Top of Dataset excerpt

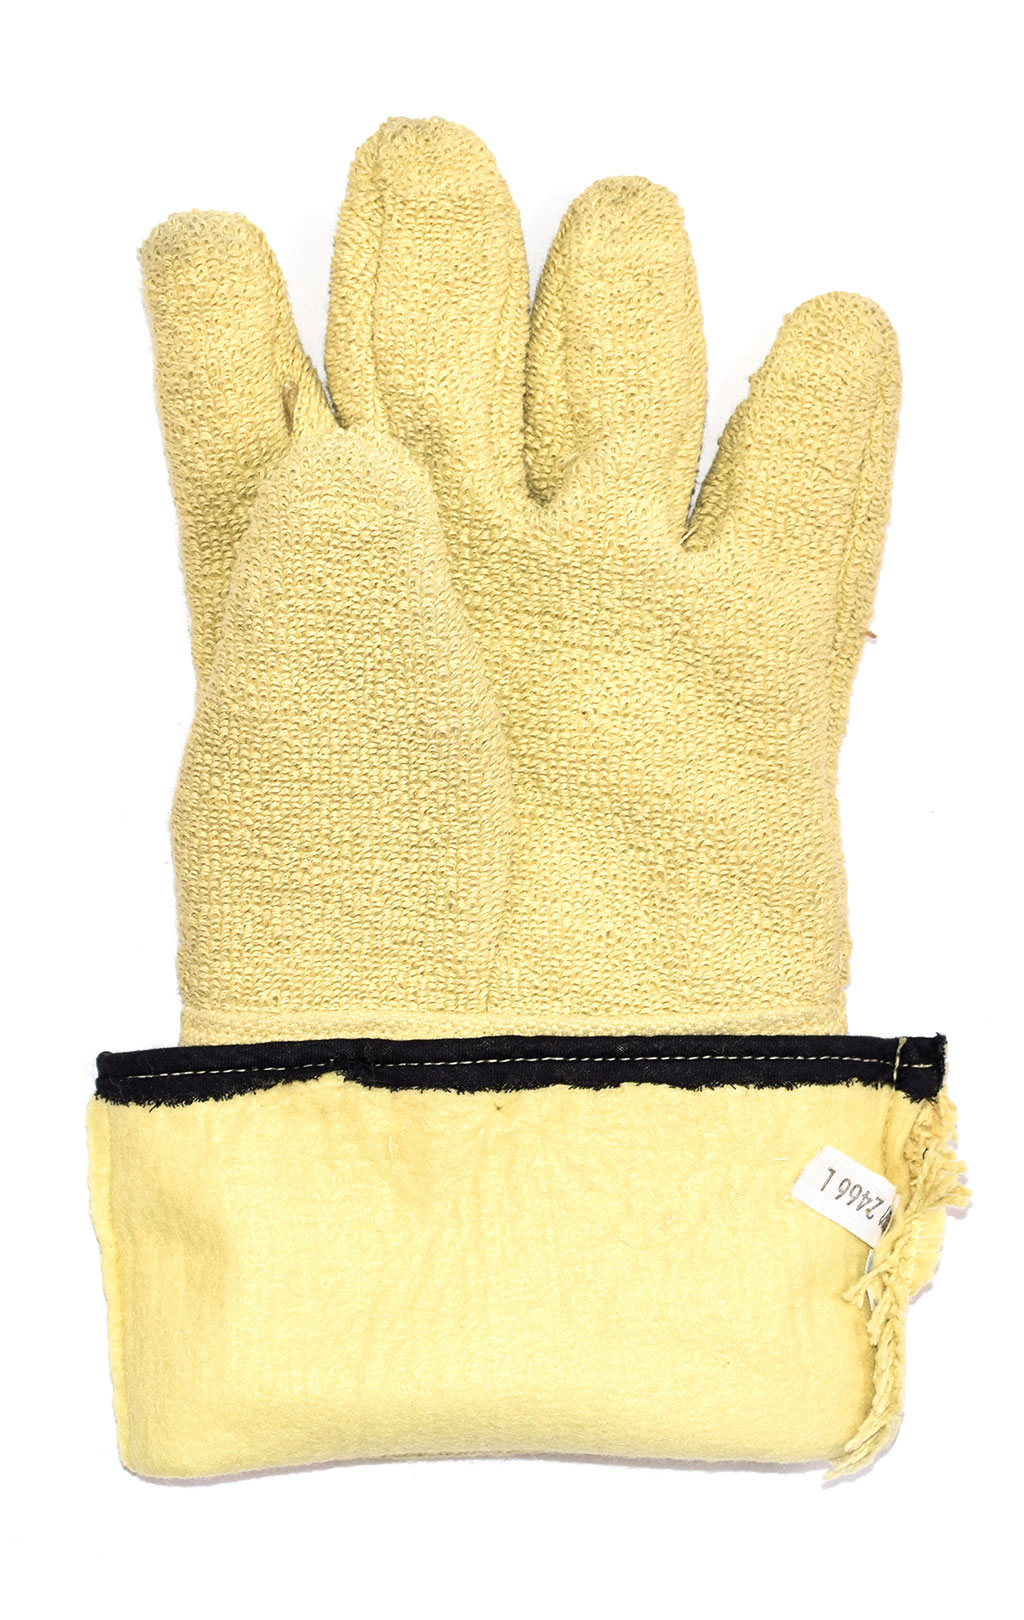 Перчатки Cevlar Cevlar (усиленные) yellow Германия
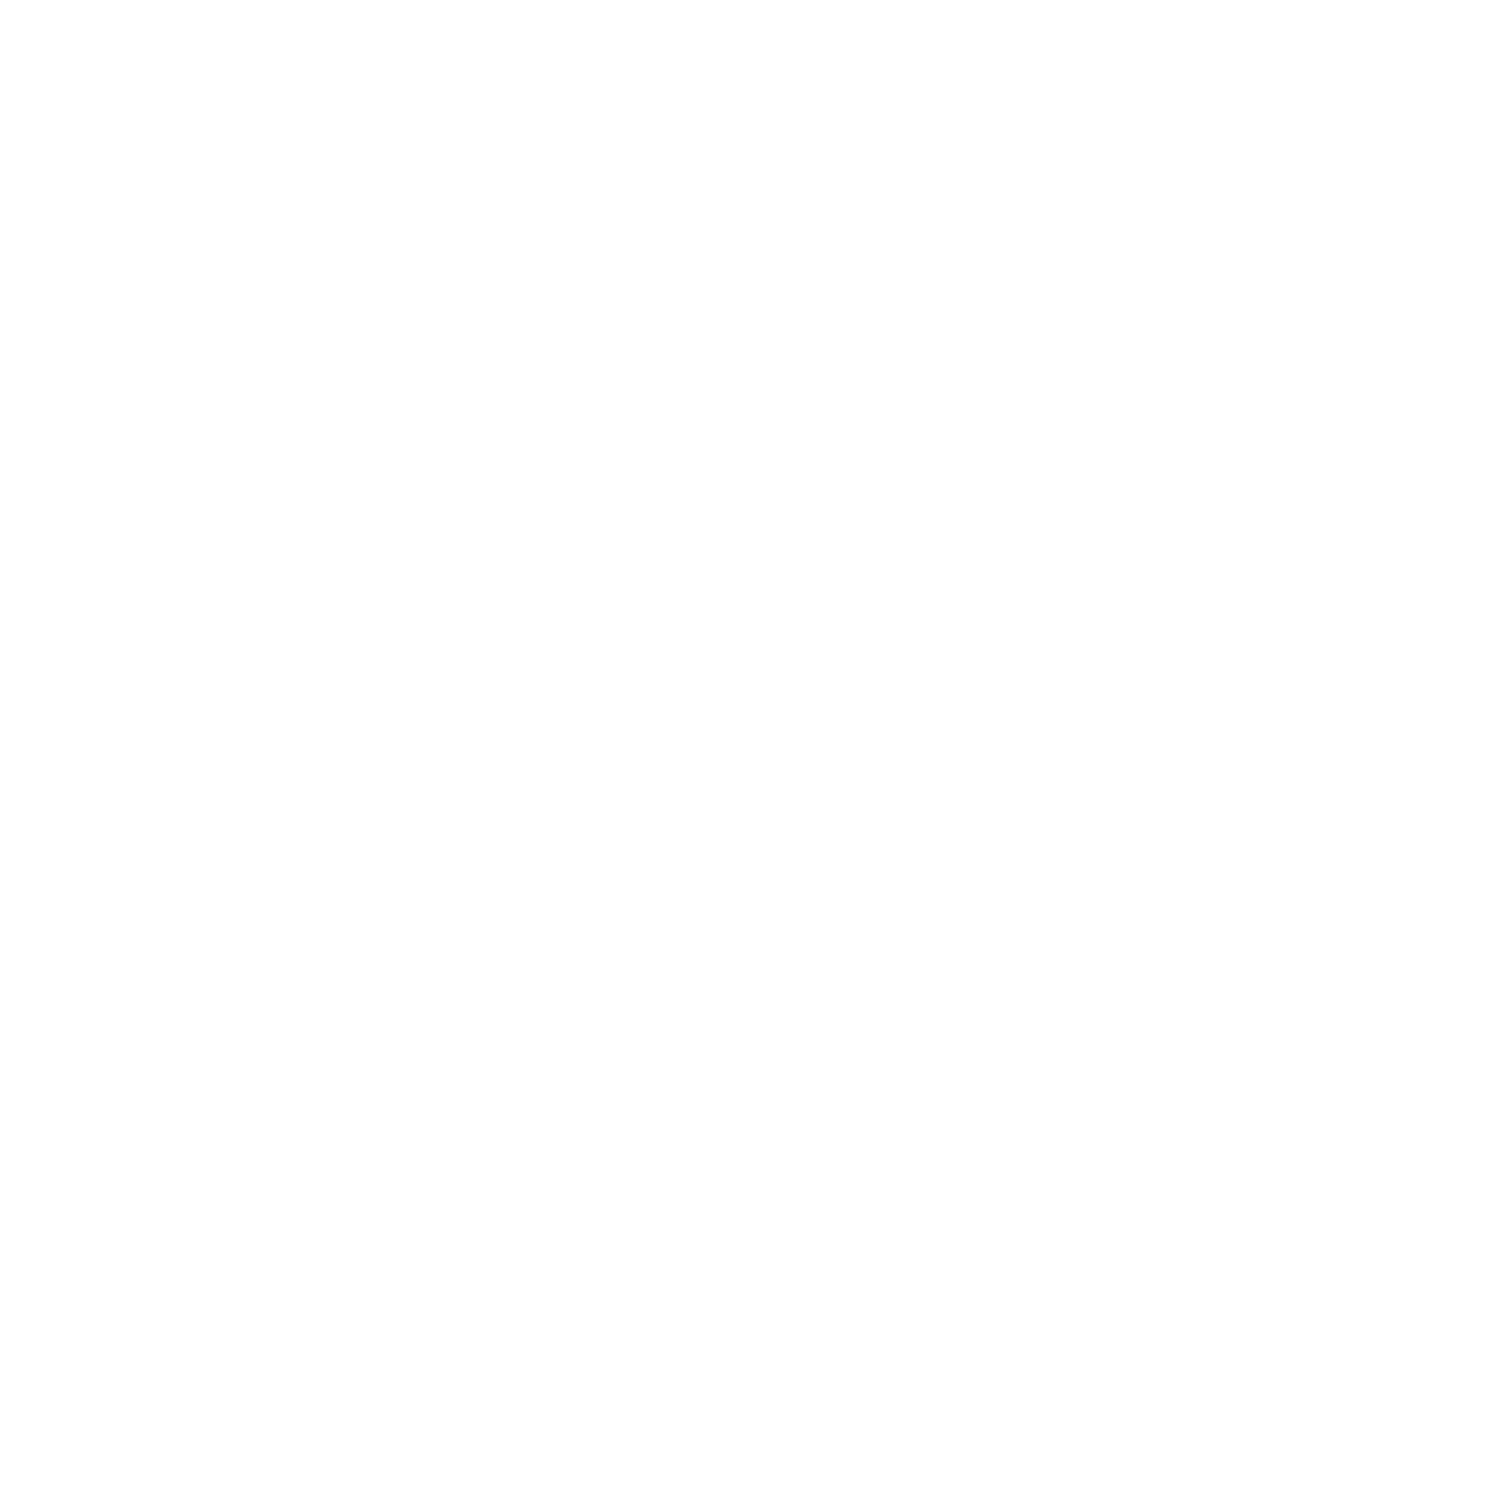 Lahing Kayumanggi Dance Company
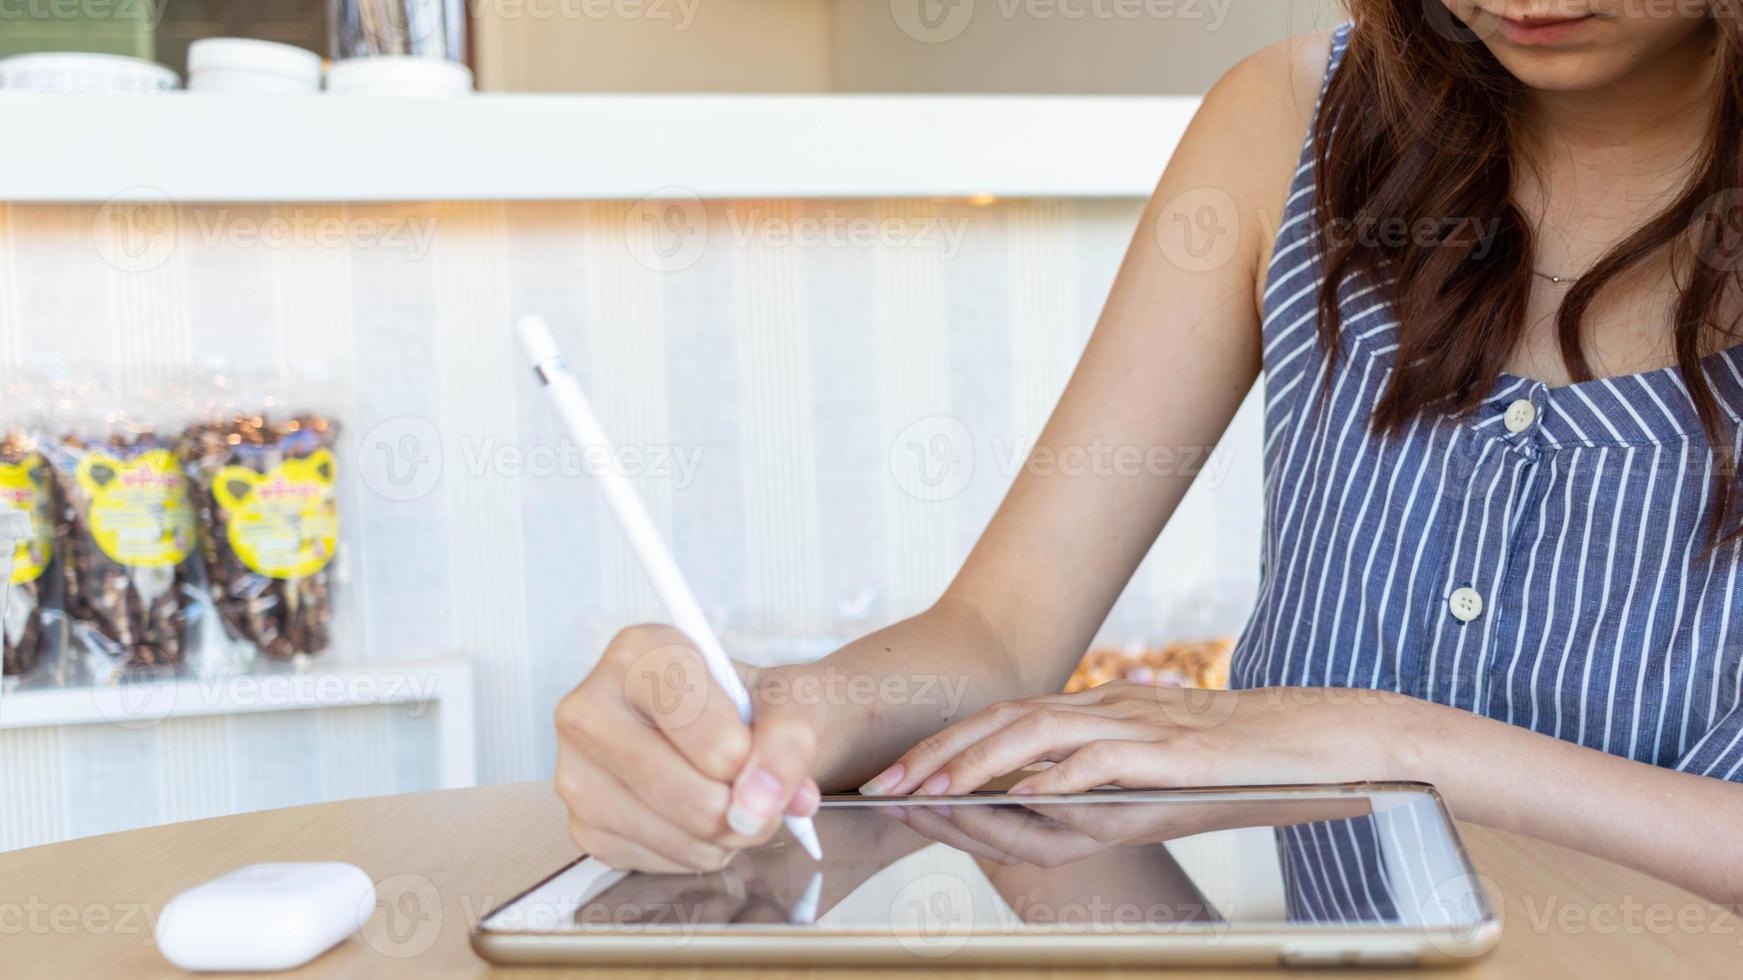 jong vrouw Holding een stylus in haar hand- naar gebruik langs met toepassing in tablet naar test en ontwikkelen ux ui systeem en naar ontwerp toepassing dat kan werk efficiënt met perfect ux ui systeem. foto

Bottom of Dataset excerpt

Your task is to reproduce exactly the lines from the one that holds "Lahing Kayumanggi Dance Company" to the last line of the listing, and only those, omitting the pictures.

 Lahing Kayumanggi Dance Company
 jong vrouw Holding een stylus in haar hand- naar gebruik langs met toepassing in tablet naar test en ontwikkelen ux ui systeem en naar ontwerp toepassing dat kan werk efficiënt met perfect ux ui systeem. foto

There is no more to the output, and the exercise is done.